I am going to stop now, because one thing I do know, is that the longer to post the less likely it is to be read thru. :stone

originally posted by furball

i'd rather be taught by someone with actual bedside experience (recent) rather than by someone with just a teaching degree....yes indeed.

no question! ;)

Specializes in LDRP; Education.

I think it simply reflects the shortage. There is also a shortage of qualified, Masters prepared nurses available to teach.

I agree, bedside experience (recent) is very valuable when teaching, however, knowing how to teach I think is just as if not more, valuable.

You could be an excellent clinical nurse, but if you can't deliver your message, what's the point?

if you could only hire teachers with teaching experience where would we get them from eventually there would be none left to teach. this is along the same line of thought as not hiring a new grad to work as a nurse, if you can only get job if you have experience how will you get the experience?

as nurses we teach all the time. and if the program is a s good as you say they will have something in place to monitor and mentor the new instructor. Being an instructor I can tell you that this is most likely very true. 2 of the 3 colleges i taught at or currently teach at monitored everything i did for the first yr they reviewed all my teaching plans,approved all my exams even analized the results of my exams.
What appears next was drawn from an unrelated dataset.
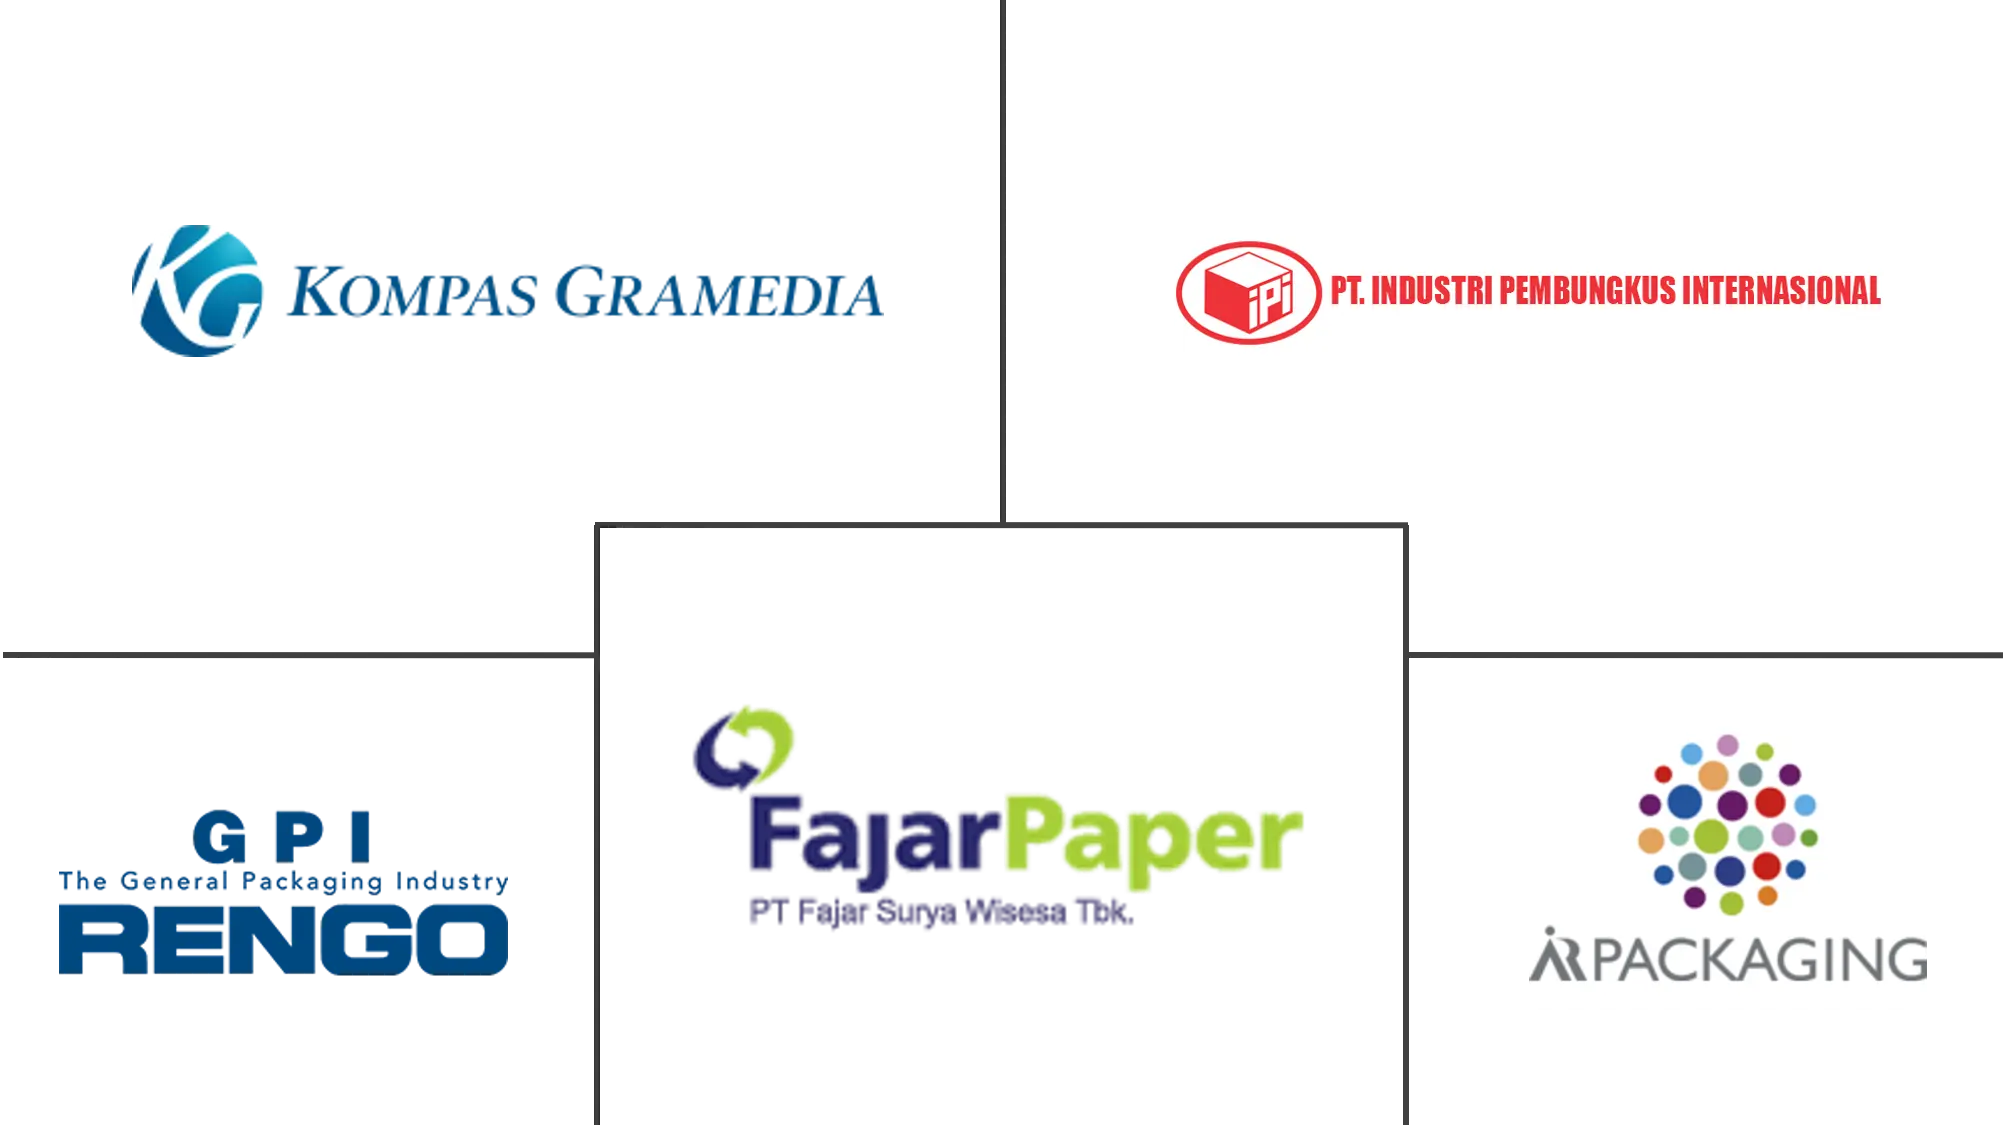 Principales actores del mercado de envases de papel de Indonesia

I was held responsible for my students scores on the exit exam. if the sections i taught were below their standards i would be consuled on that.
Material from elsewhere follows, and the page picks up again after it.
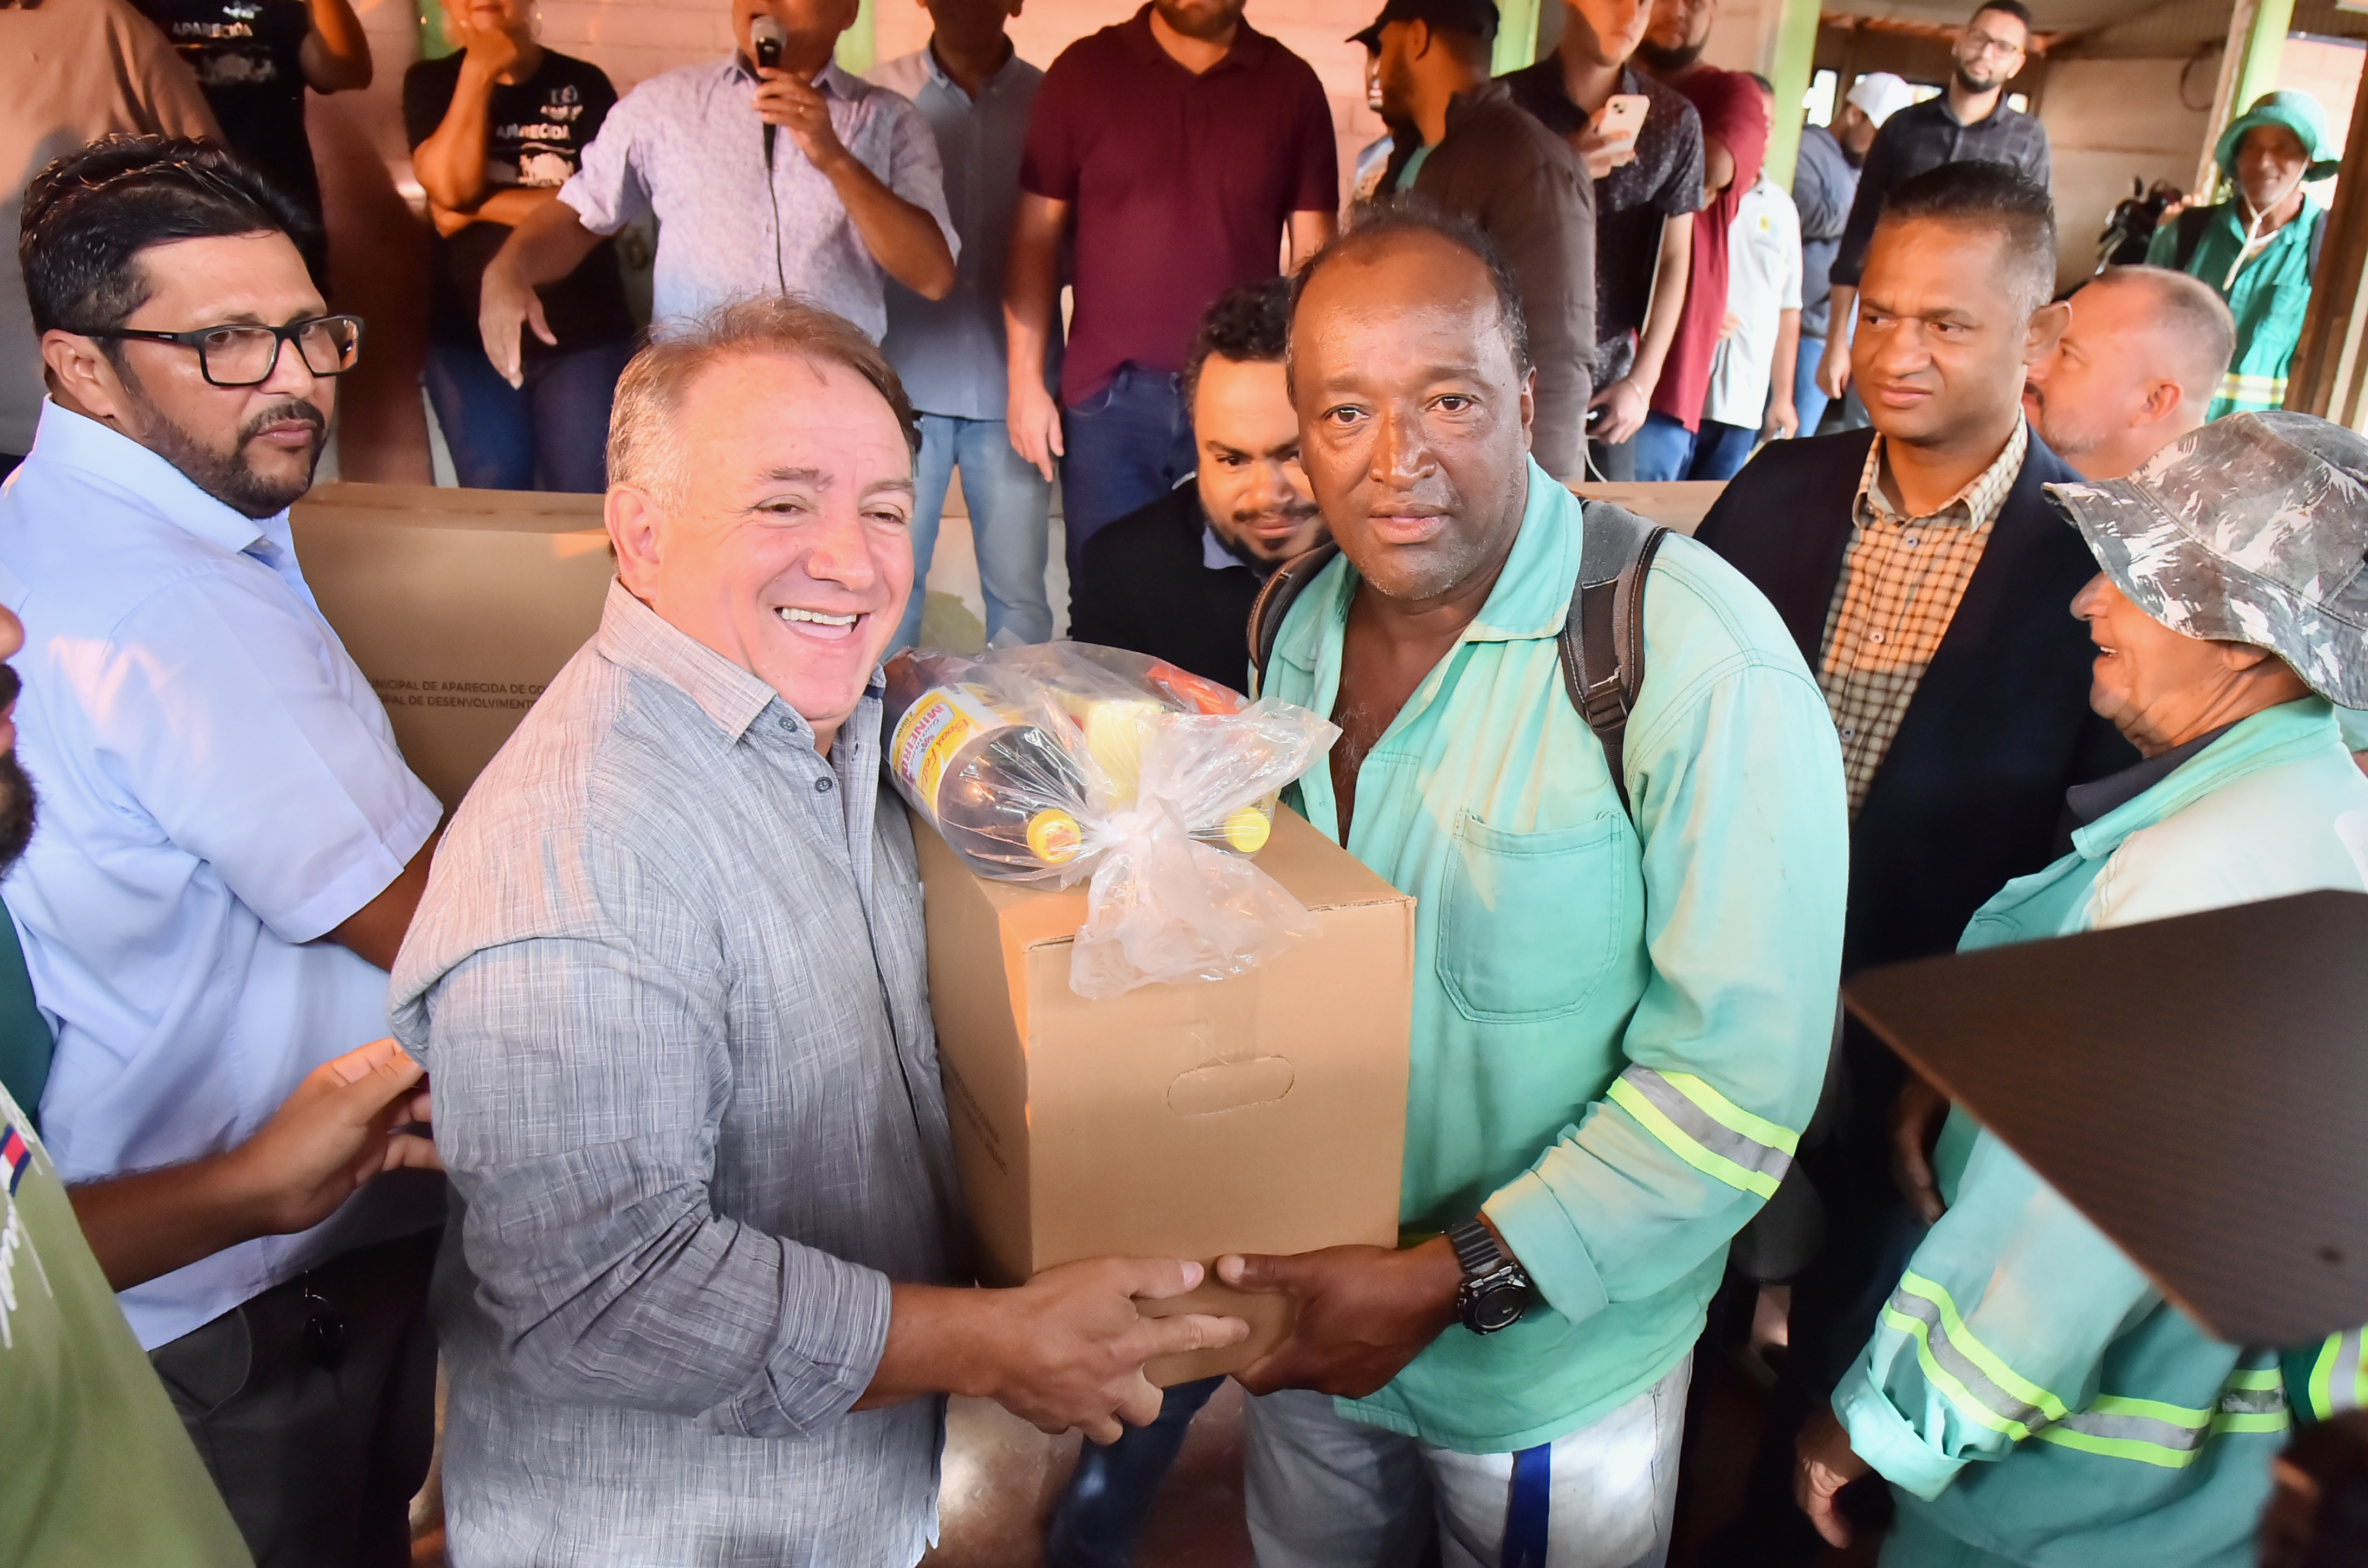 Prefeitura Municipal de Aparecida de Goiânia | Prefeitura de Aparecida  entrega mais de 700 cestas para trabalhadores urbanos

so if this is a good program, and all the needed things are in place. i know the students will not be missing out. as a matter of fact sometimes the new instuctors actually do a better job because they need to prove them self so they push them selves harder.

Interesting subject - makes for interesting reading and much thought

Thank you Tookie

Specializes in Specializes in L/D, newborn, GYN, LTC, Dialysis.

NO teaching experience........HUMMMM ....REALLY????

I believe we nurses are the CONSUMMATE TEACHERS! Are we not? Ok so, she needs a bit of theory. (learning styles, types etc.)..... I think she can do a wonderful job if her heart is in it and she has the desire to learn fast. I think she could be awesome. I had one who was a bedside nurse who adjunct taught at our school. She was the BEST and i HONESTLY say I learned SO MUCH FROM HER and had so LITTLE pressure to do it. She, also had no real teaching experience, but a BSN, and LOTS OF CLINICAL KNOW-HOW! Oh and no ivory tower thinking, just real stuff for learning bedside nursing.

If someone has the desire to teach and believes in what he/she is teaching, I say go for it!

Specializes in LDRP; Education.

It's not about hiring someone only with "teaching experience" but hiring a *qualified* nurse to do so, ie someone who has been taught how to teach.

I have been precepted by excellent clinical nurses who could not verbalize their skills to a stone. As a nurse, sure I've taught to patients; ran off a teaching checklist, went over points, maybe even asked for a return demonstration, but it is not the same thing. The MSN program I am in now is one that teaches us HOW to teach, how to deliver your message effectively, how to identify when learning hasn't taken place and how to know when your students are faking it.

I don't believe in taking a nurse, who has only been a bedside nurse and saying that by virtue of being a nurse she is qualified to teach at the academic level. Uh-uh, no way.